▸ Data for the task:
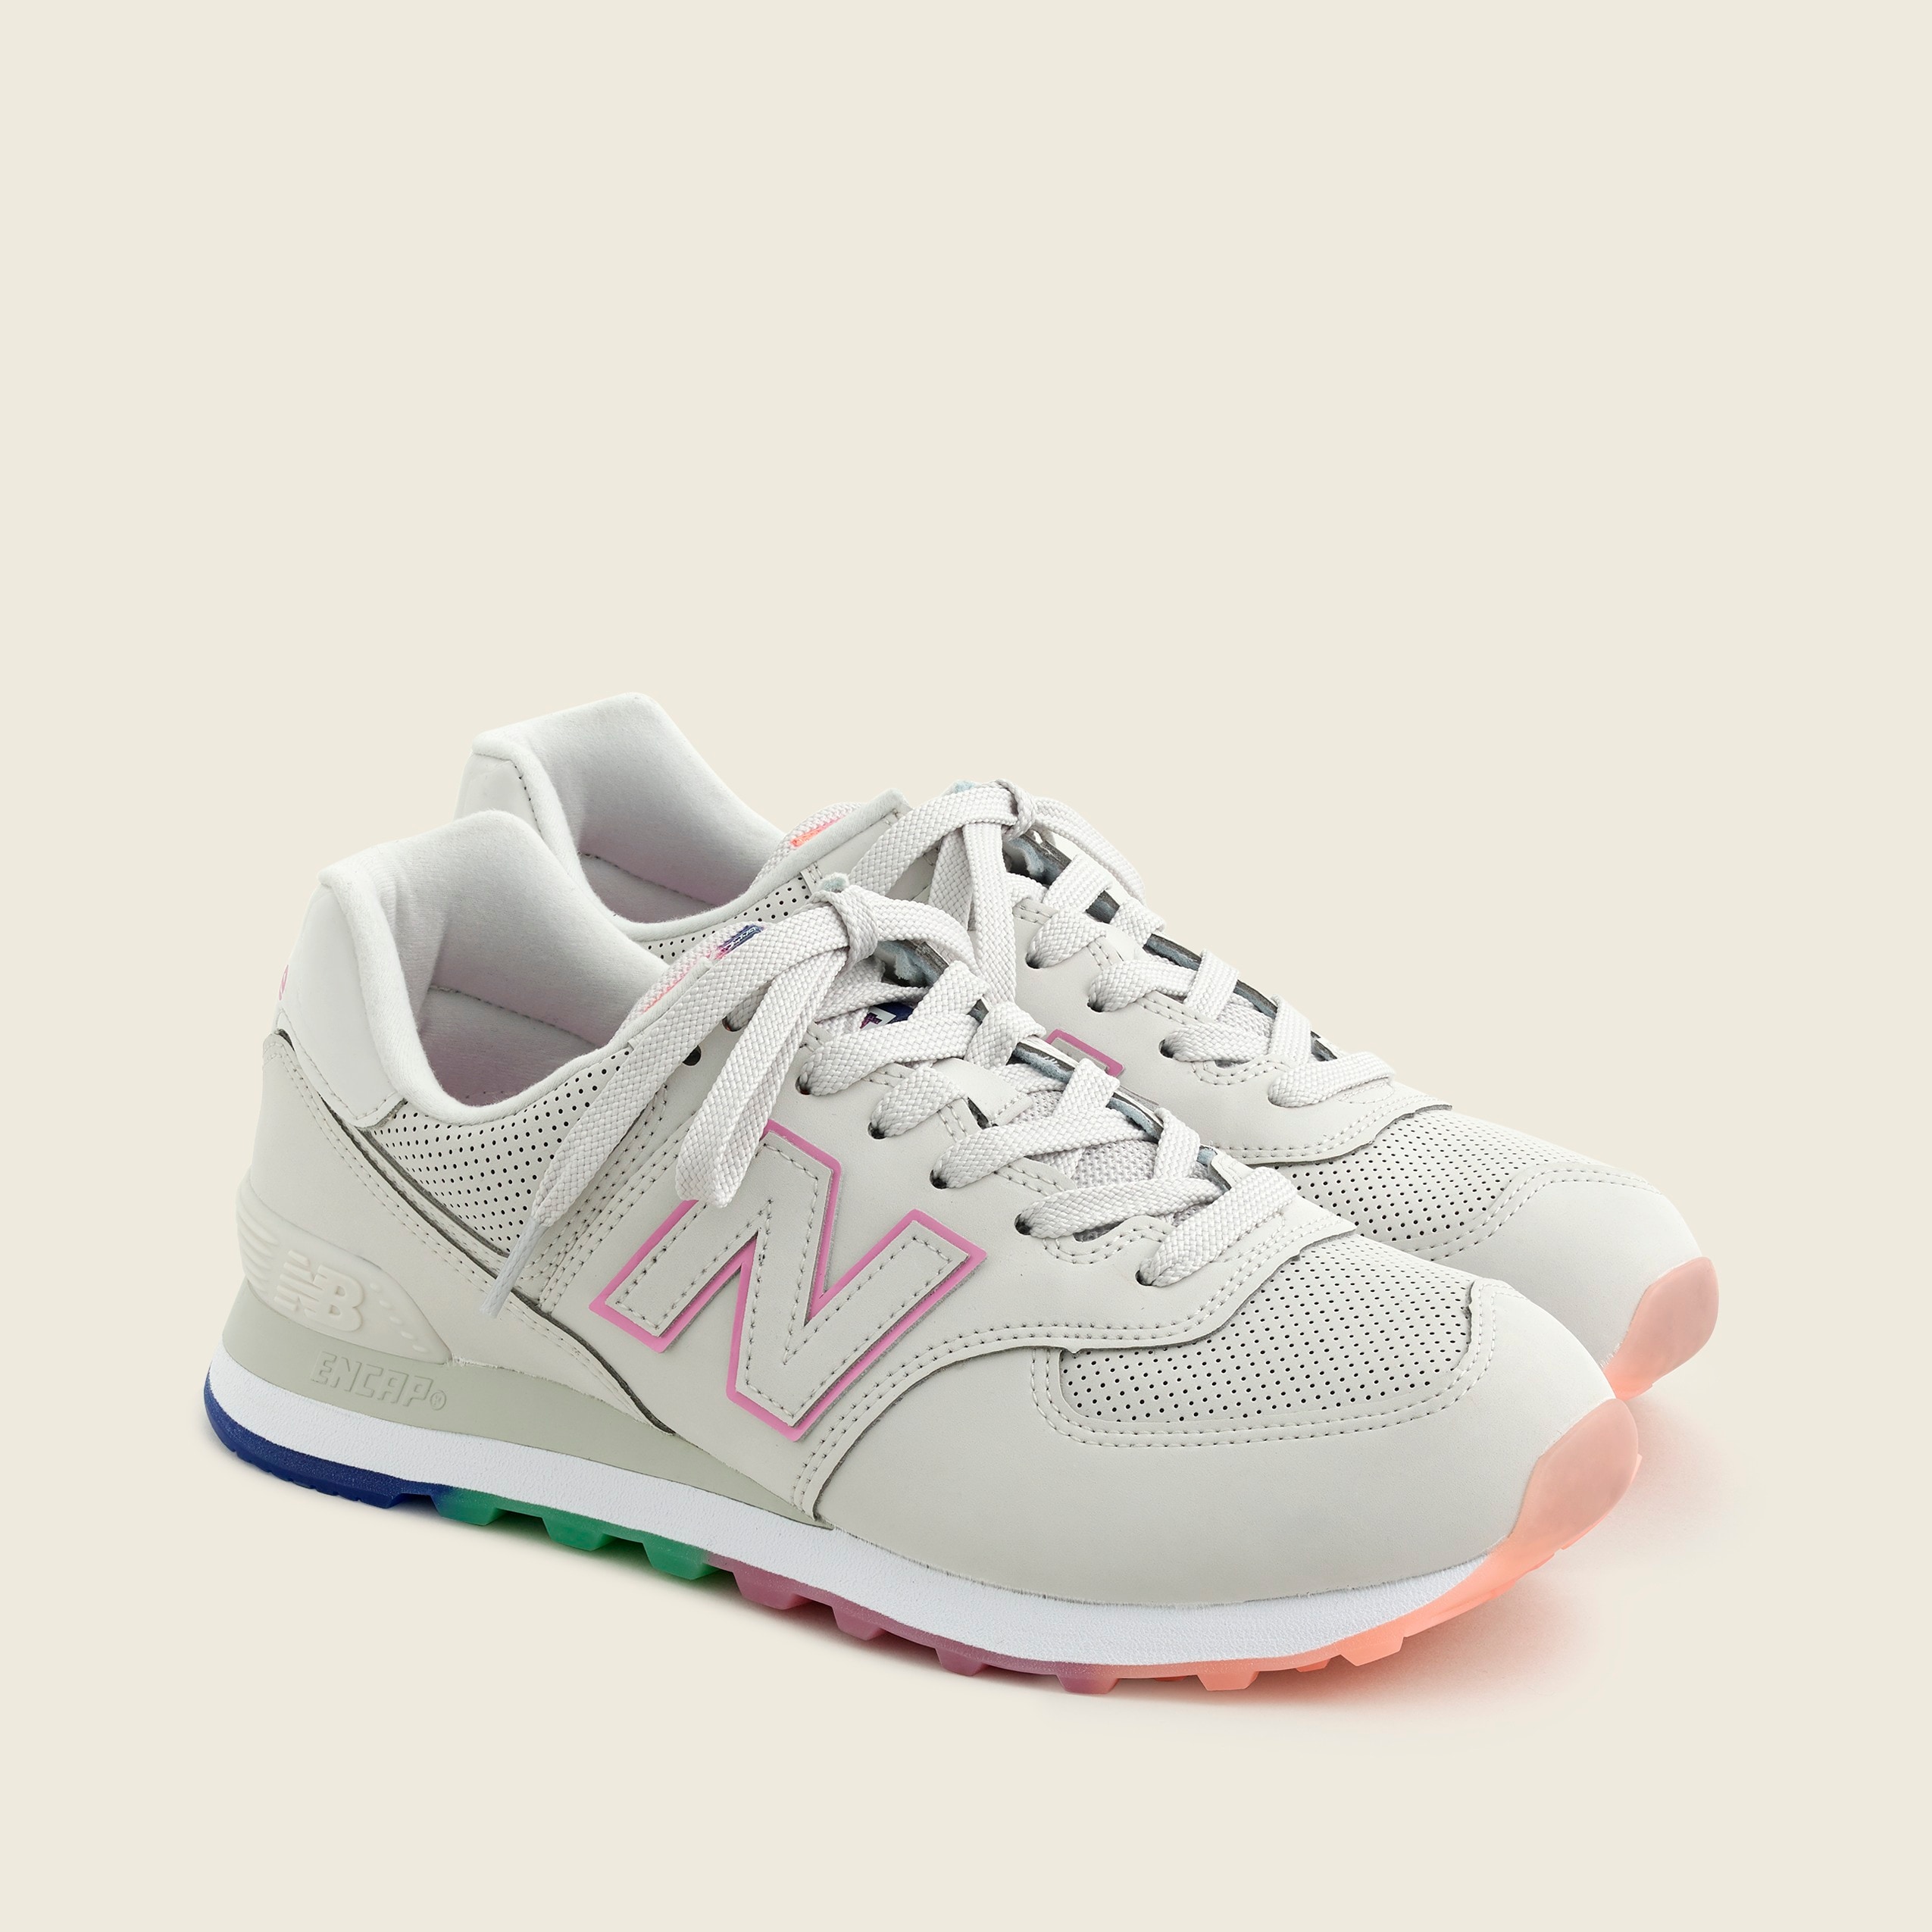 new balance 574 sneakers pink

--

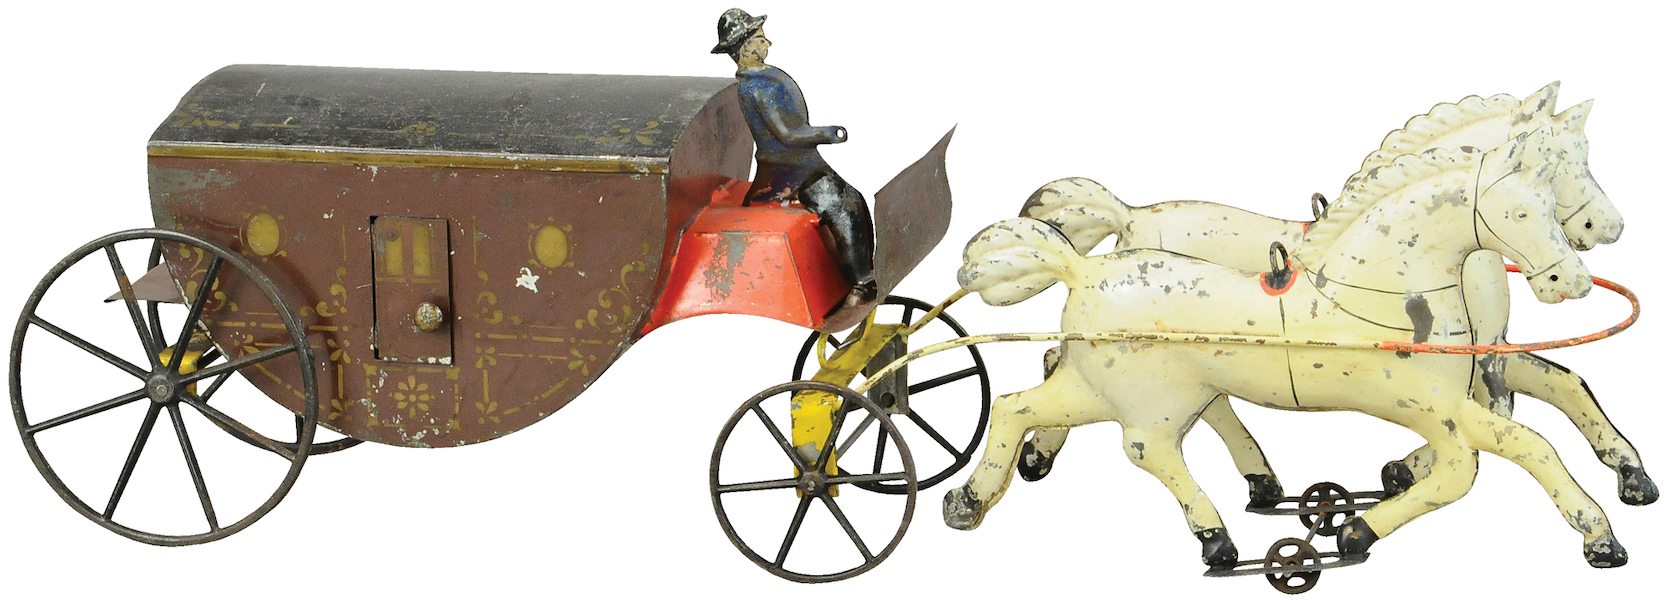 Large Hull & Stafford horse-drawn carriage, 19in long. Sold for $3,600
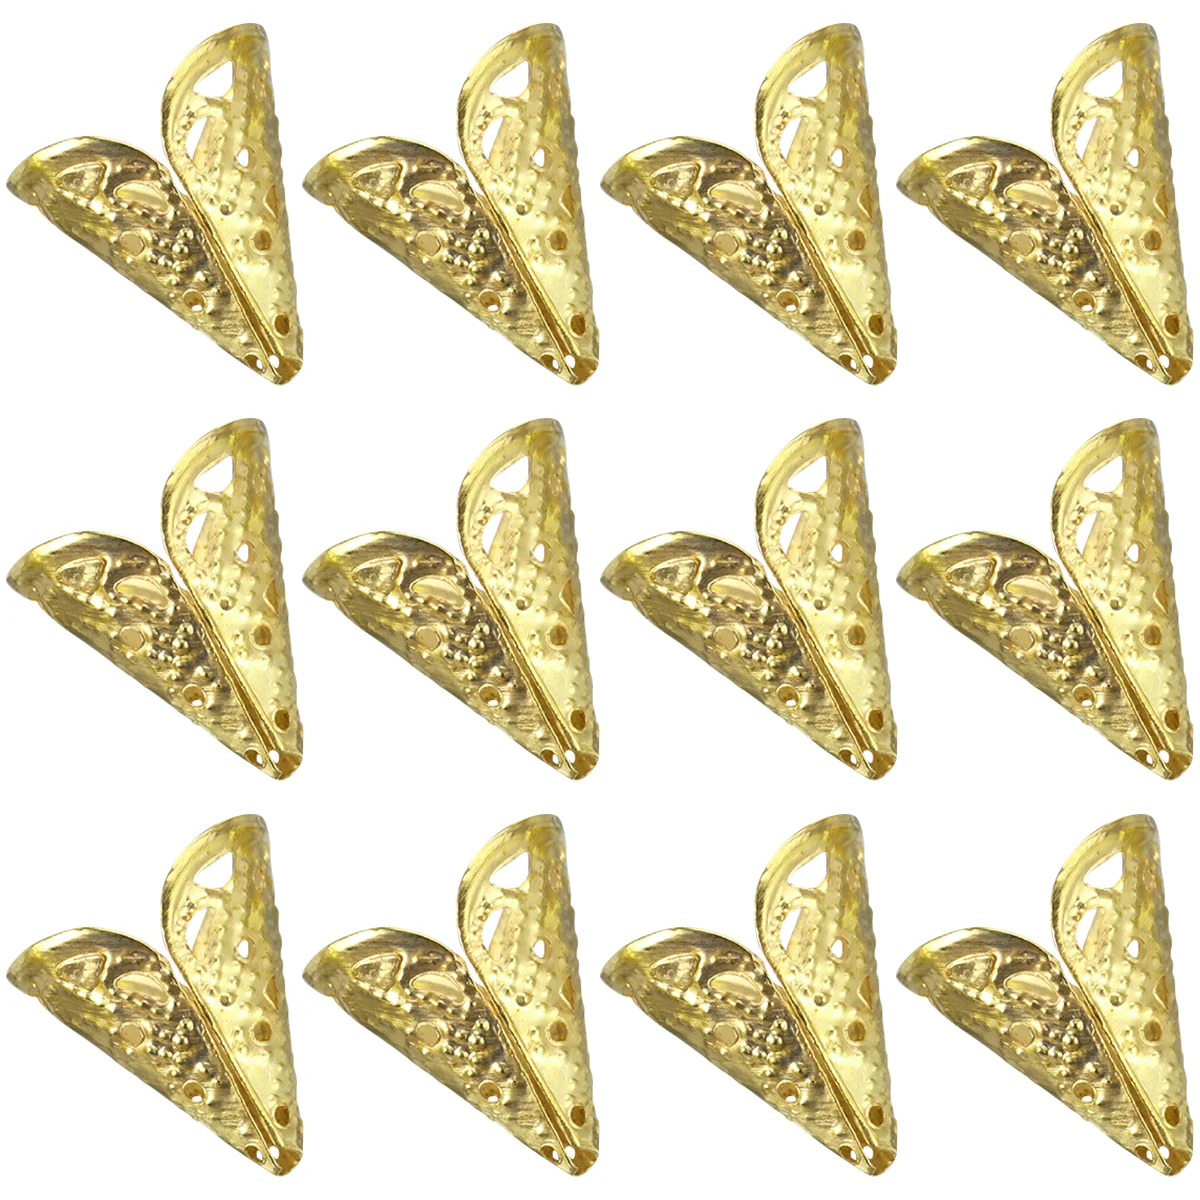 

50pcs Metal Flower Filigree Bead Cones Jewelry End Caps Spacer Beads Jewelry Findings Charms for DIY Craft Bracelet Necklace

▸ What is needed:
Transcribe, word for word, the lines of the listing above from the one that contains "Large Hull &" through the one that contains "50pcs Metal Flower", keeping both ends and dropping the pictures.

▸ Result for this exercise:
 Large Hull & Stafford horse-drawn carriage, 19in long. Sold for $3,600

50pcs Metal Flower Filigree Bead Cones Jewelry End Caps Spacer Beads Jewelry Findings Charms for DIY Craft Bracelet Necklace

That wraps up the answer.